Task to carry out
Of all the entries below, only the lines from the one with "Jeans - Wholesale" up to and including the one with "Bass welcomed her" are to be duplicated exactly.

Source information
* * * * * * * * *
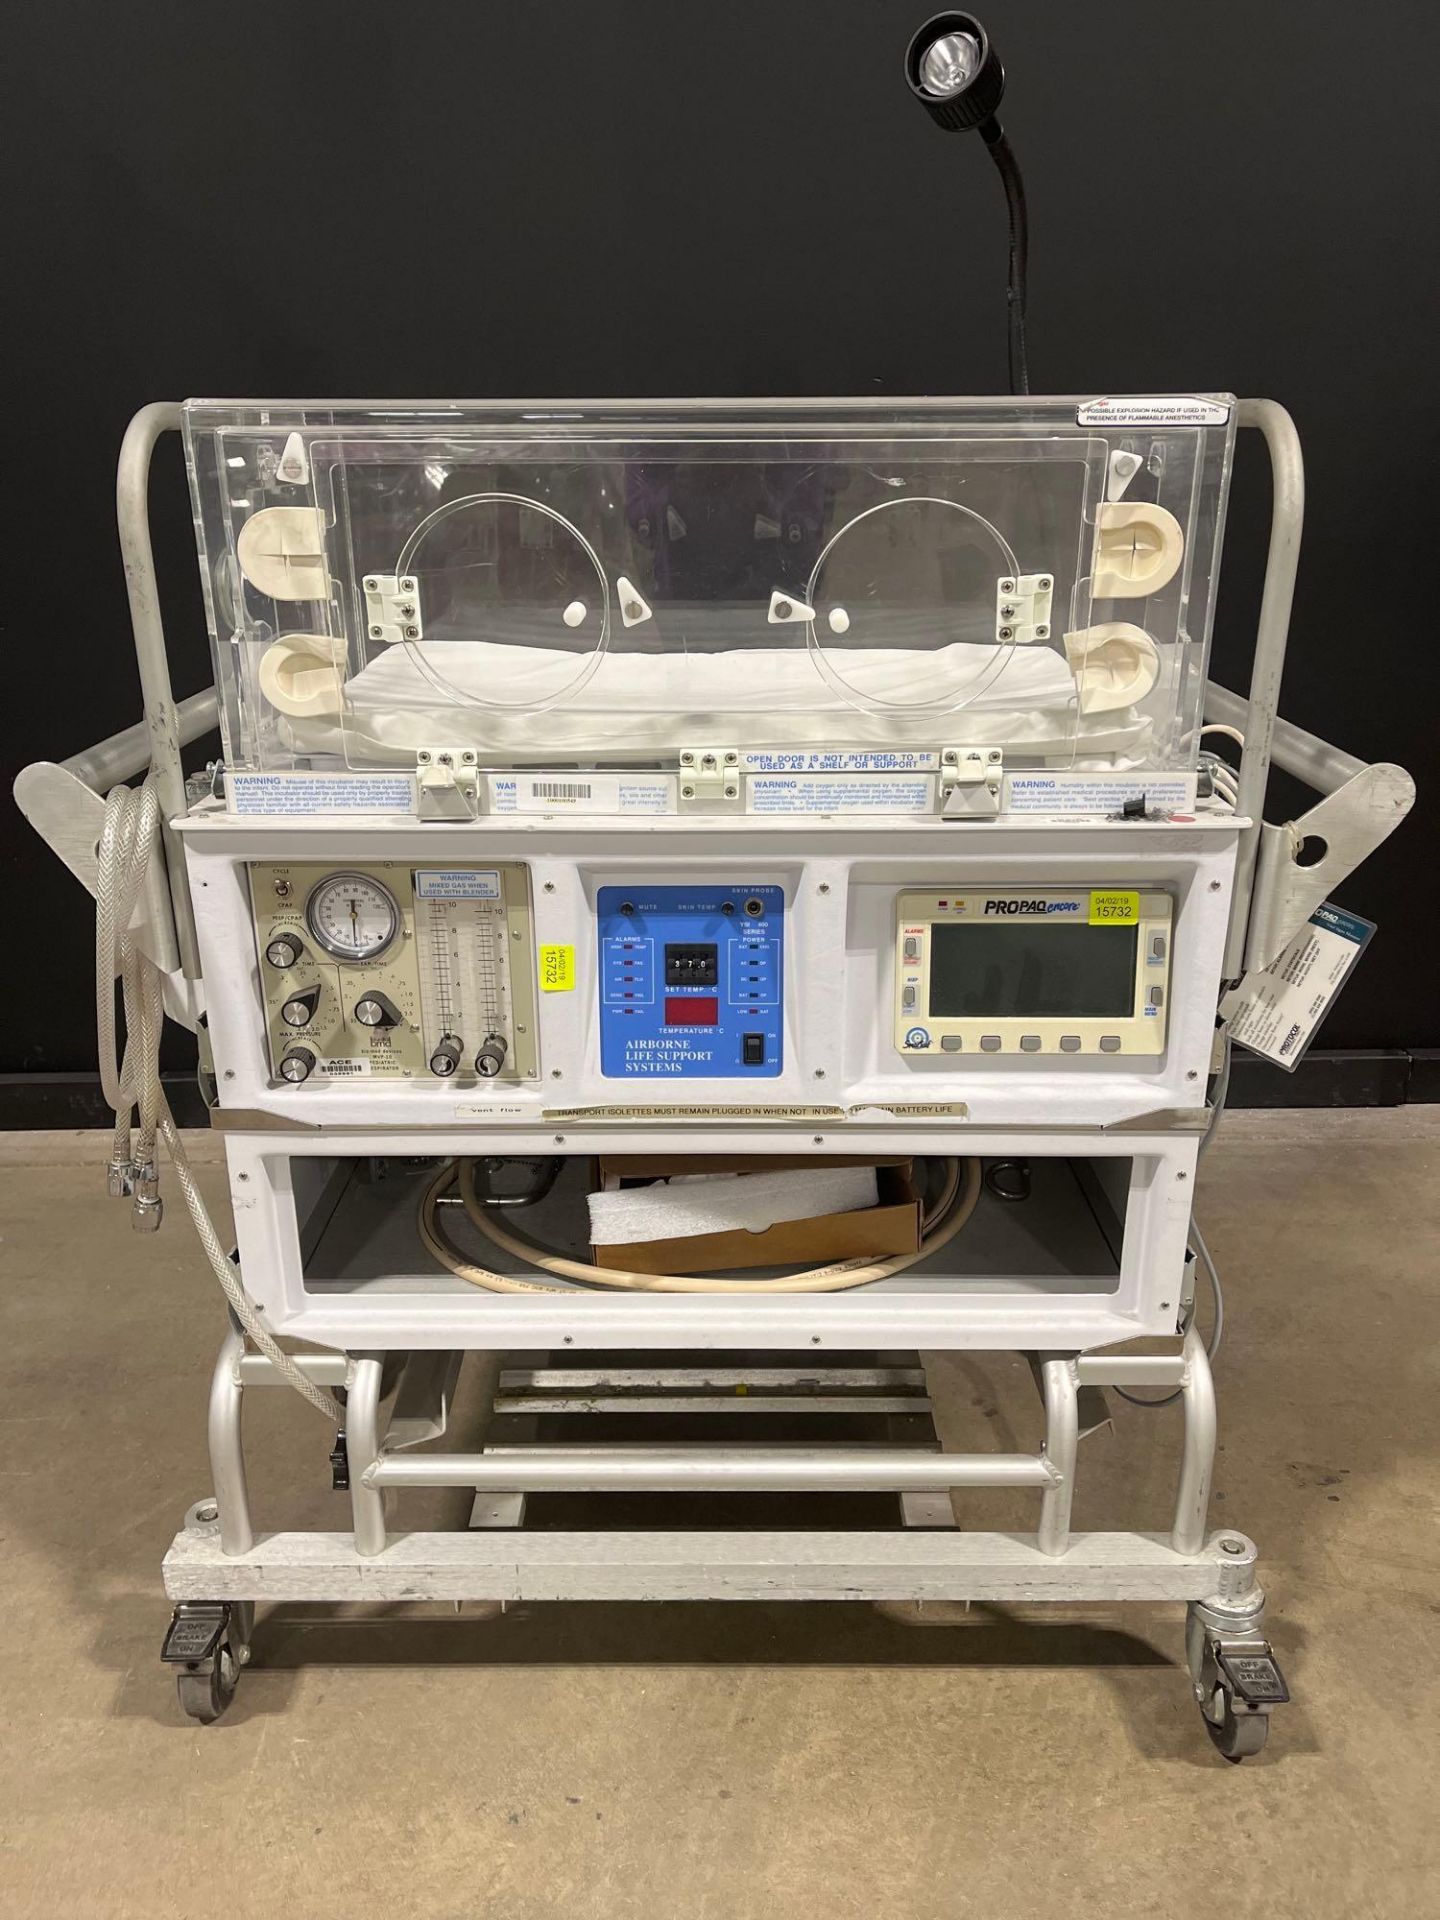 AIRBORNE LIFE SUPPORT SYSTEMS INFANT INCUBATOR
* * * * * * * * *
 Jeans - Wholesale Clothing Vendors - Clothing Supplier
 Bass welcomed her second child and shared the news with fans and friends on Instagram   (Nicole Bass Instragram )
* * * * * * * * *
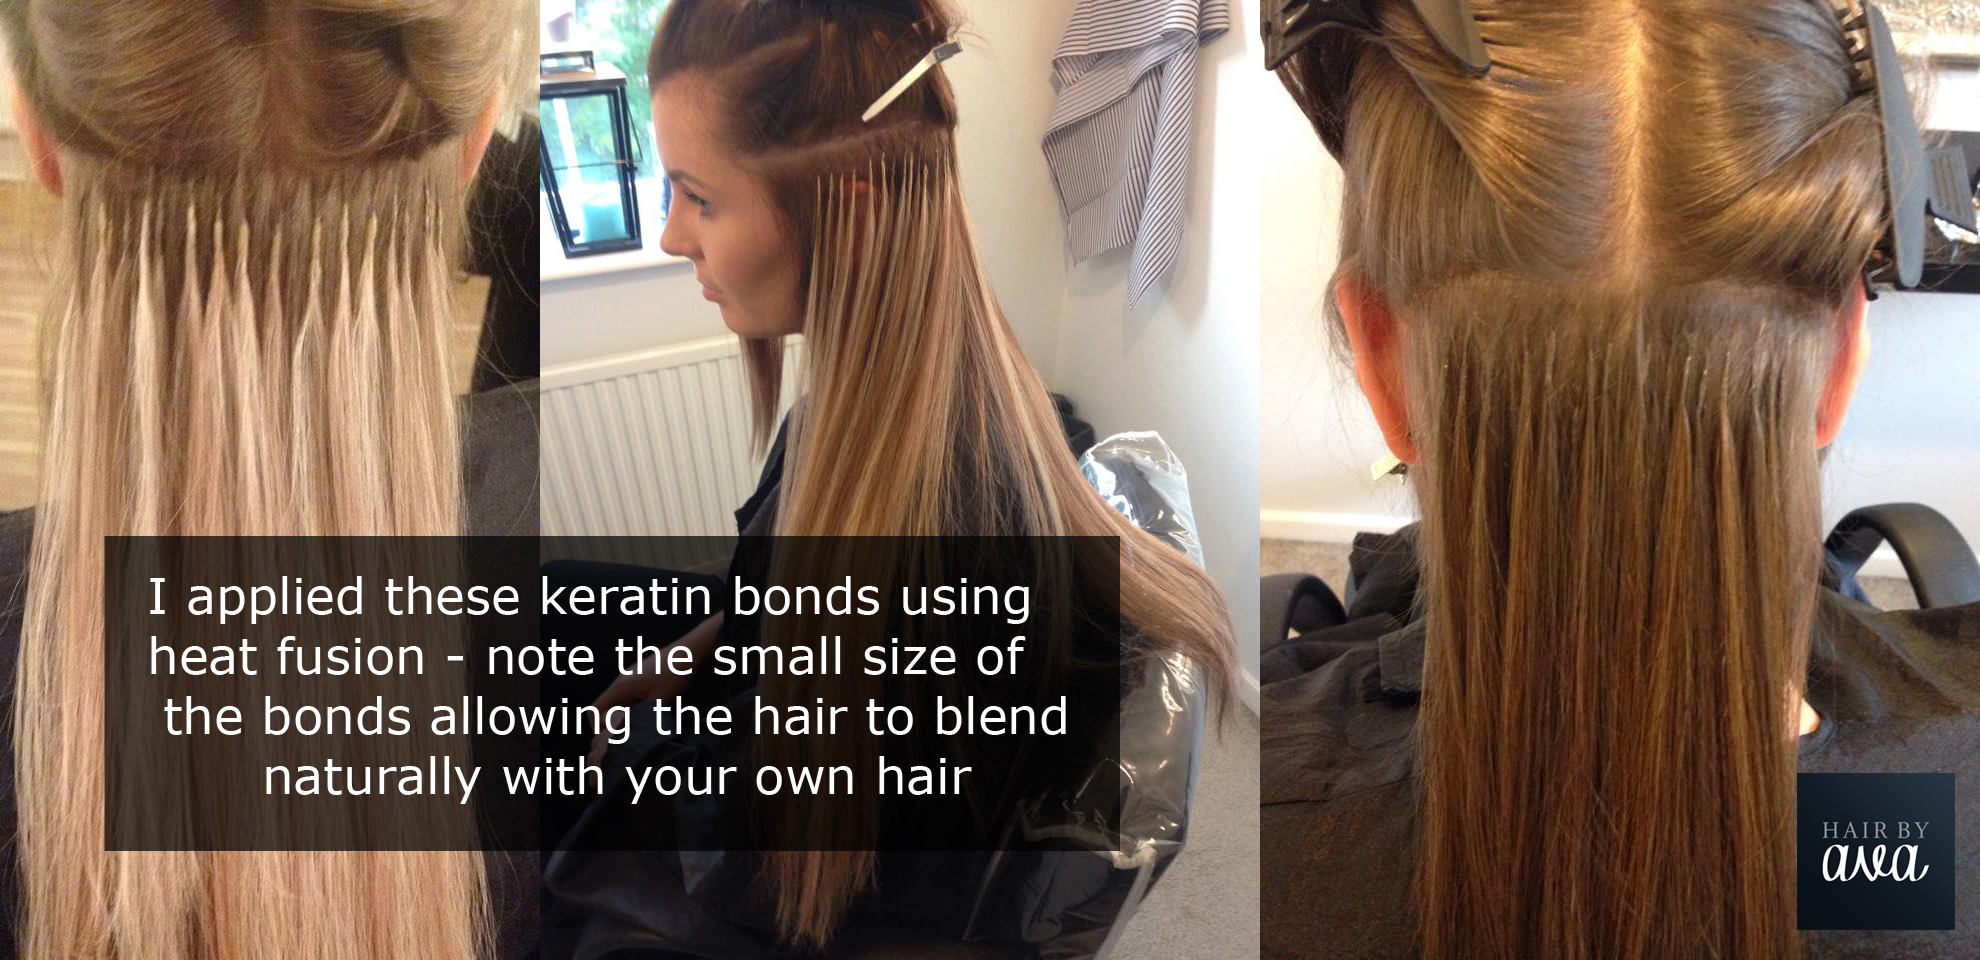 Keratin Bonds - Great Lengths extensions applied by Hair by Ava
* * * * * * * * *
Solution below
 Jeans - Wholesale Clothing Vendors - Clothing Supplier
 Bass welcomed her second child and shared the news with fans and friends on Instagram   (Nicole Bass Instragram )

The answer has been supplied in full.